Corporate Cultural Governance

It is a well known fact that Korean companies are valued at approximately 20% less than their Asian counterparts. In terms of corporate governance, South Korea was ranked 29th by Governance Metrics International among 39 countries in 2010. Consequently, poor corporate governance has been identified as one of the significant contributing factors to the discounted values of Korean companies aka the ‘Korean Discount’.

From a cultural point of view, how does one go about implementing western styled corporate governance practices in a country where there is a lack of the fiduciary concept, a dislike of confrontation and relatively youthful capital markets?

Can western styled corporate governance practices be adapted to allow for cultural diversity and still achieve the same outcomes?

Allianz Global investors in South Korea set up a governance fund in 2006 with a mandate from the state-run National Pension Fund. It now boasts one of the highest returns among equity funds in Korea, outperforming the country’s benchmark Kospi stock index by more than 10 percentage points a year. The fund invests in mostly small and medium-sized companies with a market capitalisation of below Won3tn ($2.59bn), where it can gain the clout to influence the management by taking a 5-15 per cent stake. It usually holds the stake for two to three years and tries to raise shareholder value by inducing lasting corporate governance changes.

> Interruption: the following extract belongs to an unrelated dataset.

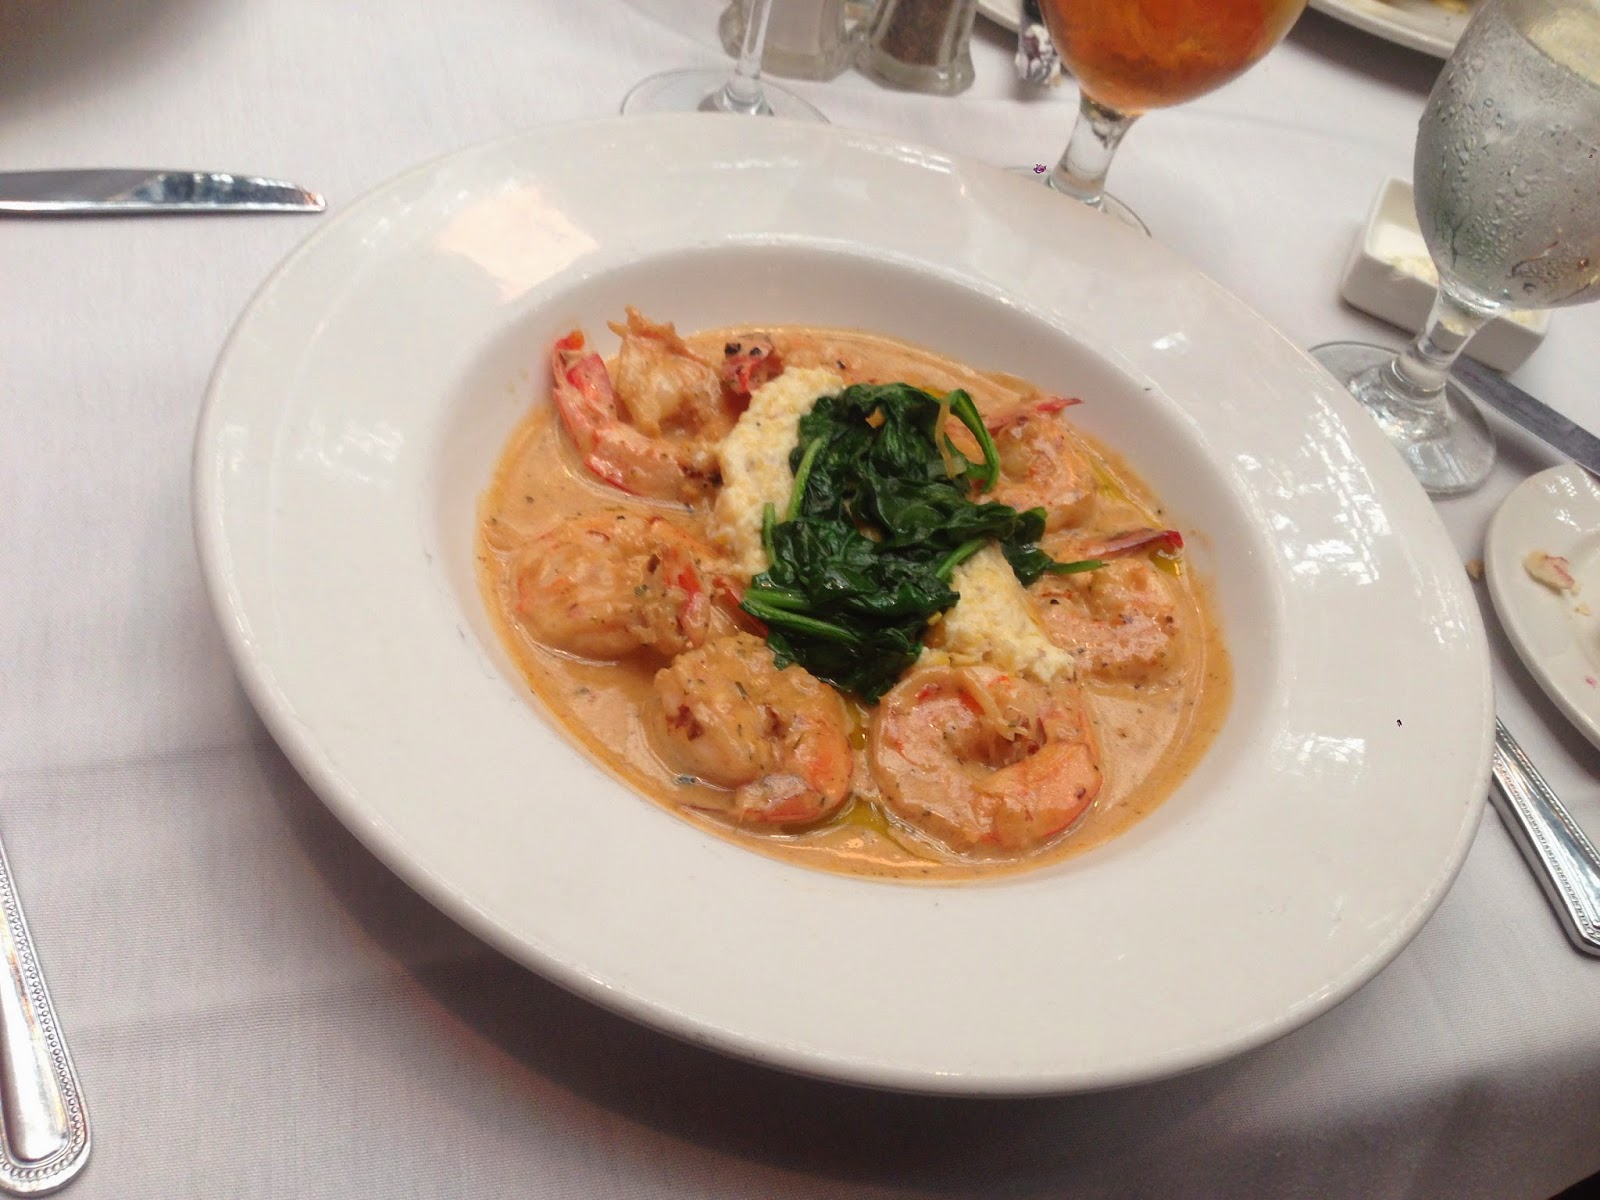 Juban's Shrimp & Grits: Gulf shrimp broiled in New Orleans barbeque butter, with garlic cheese grits,  and spinach primavera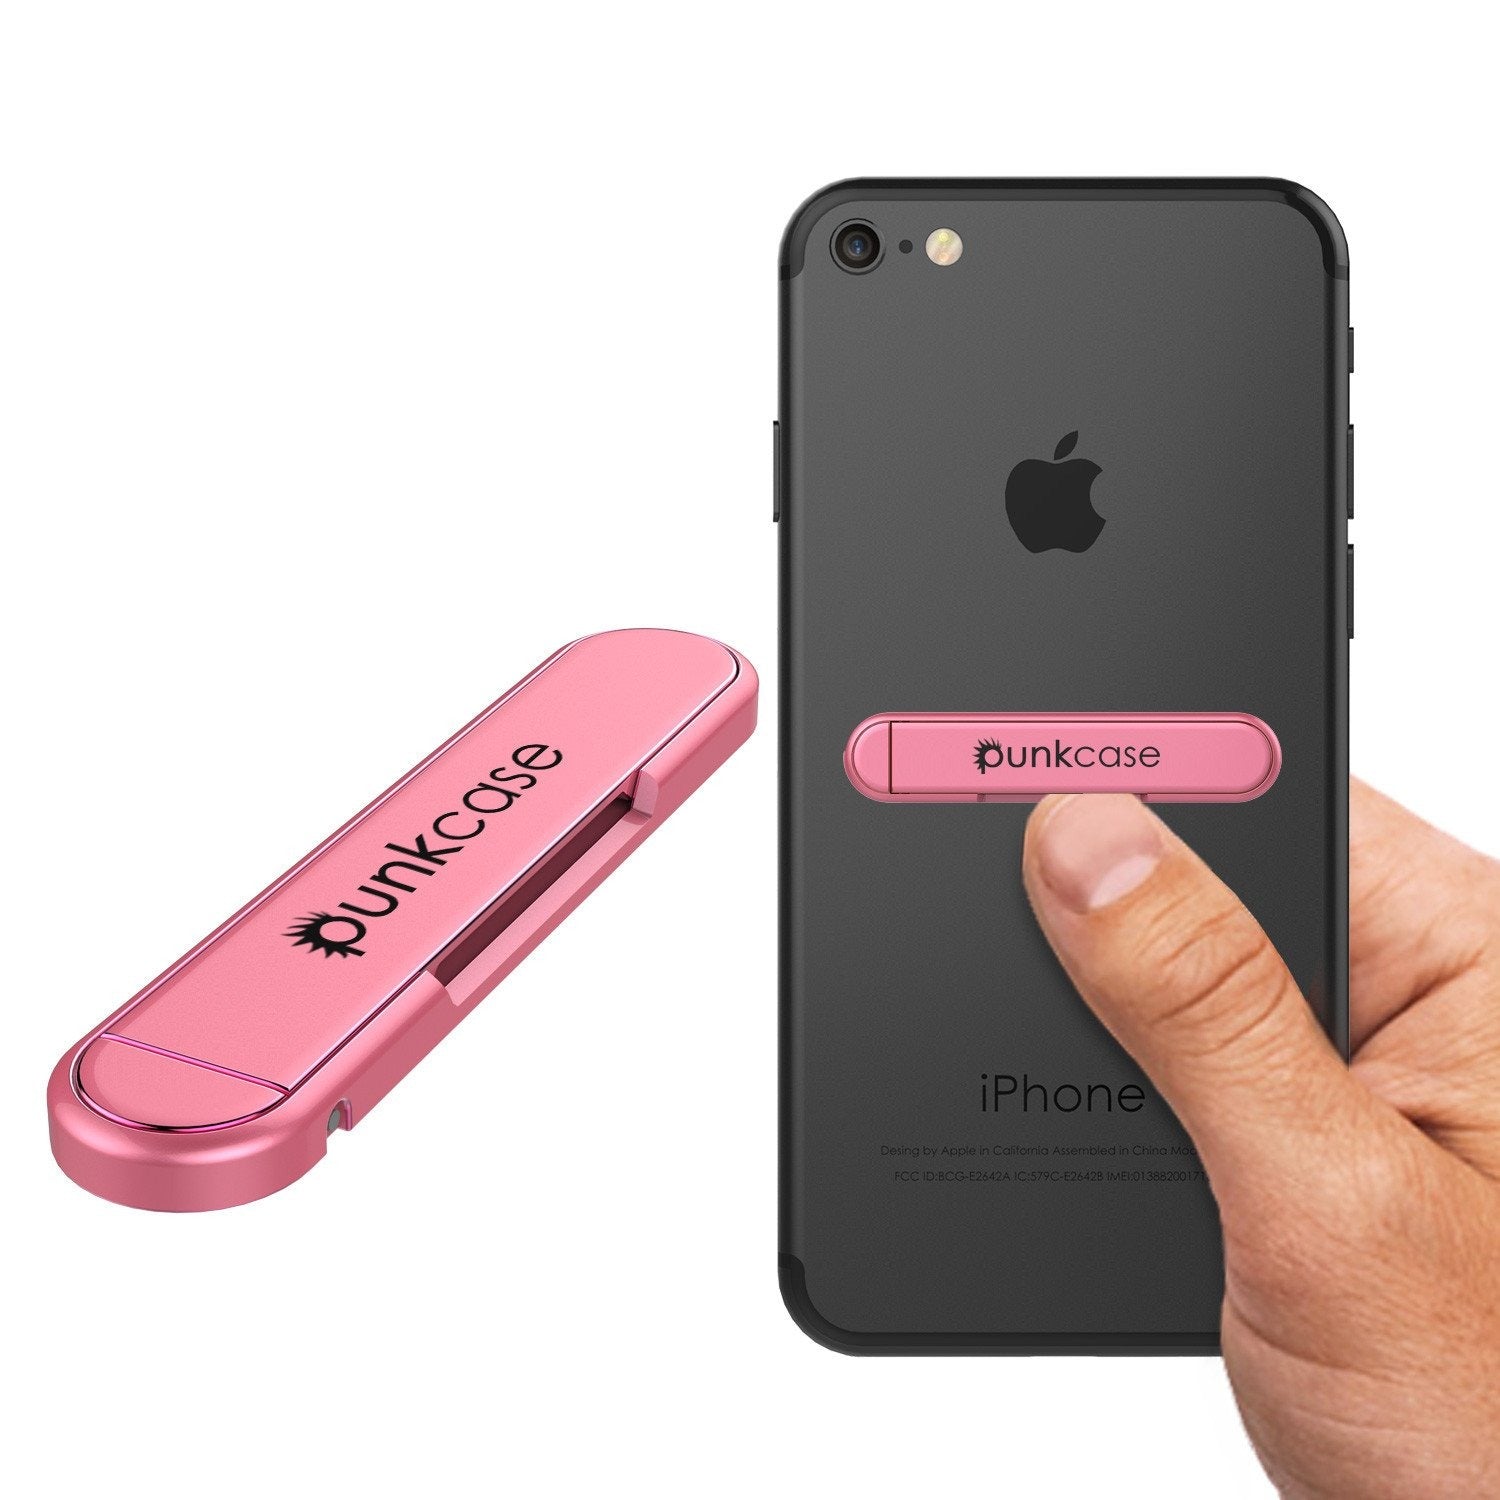 PUNKCASE FlickStick Universal Cell Phone Kickstand for all Mobile Phones & Cases with Flat Backs, One Finger Operation (Pink) (Color in image: Pink)

Wonil Lee, head of Allianz Global Investors in South Korea, is a strong believer that better corporate governance can drive up business performance and investor returns. Instead of a confrontational approach, he engages with companies in a way that is more in tune with Korean culture and practices, which he believes is more effective.“I try to educate the owners and improve their practices through relational engagement,” he says. “Our capital markets and the institutional environment are not advanced enough to embrace aggressive engagement yet.”

“The biggest problem of our listed companies is that owners think the companies belong to them. So they often make management decisions for themselves, not for the general shareholders. This clearly undercuts western philosophy which calls for the board to make decisions in favour of, and protect the rights and interests of all stakeholders. My job is to guard against such practice,” says Mr Lee. Most Korean companies are still family controlled, with owners wielding undue influence over management, often with small equity stakes. About 90 per cent of Korea’s listed companies are owned by their founding families, compared with about 20 per cent in the US.

Mr Lee learned the importance of relational engagement from western activist funds’ failed crack at Japan. The Children’s Investment Fund, stirred controversy in Japan in a shareholder campaign for change at the utility J-Power four years ago, but eventually had to sell its 9.9 per cent stake back to the company at a Y12.5bn ($158m) loss. Steel Partners also sold its 7.8 per cent stake in Sapporo Holdings 2010 after failing to implement changes at the struggling brewer.“Shareholder activism should be done by local managers who understand local culture. Otherwise, it is not easy to win,” he says.

However, such a soft approach does not often work in the face of resistance by entrenched management. In the worst cases, Mr Lee resorts to shareholder proposal and proxy voting to force change at companies. Most Korean institutional investors remain passive in exercising their voting rights, ignoring their fiduciary duty to protect the interests of their investors and casting dissenting votes only in exceptional cases. Mr Lee says he will not give up his fight because corporate Korea needs better governance to strengthen competitiveness.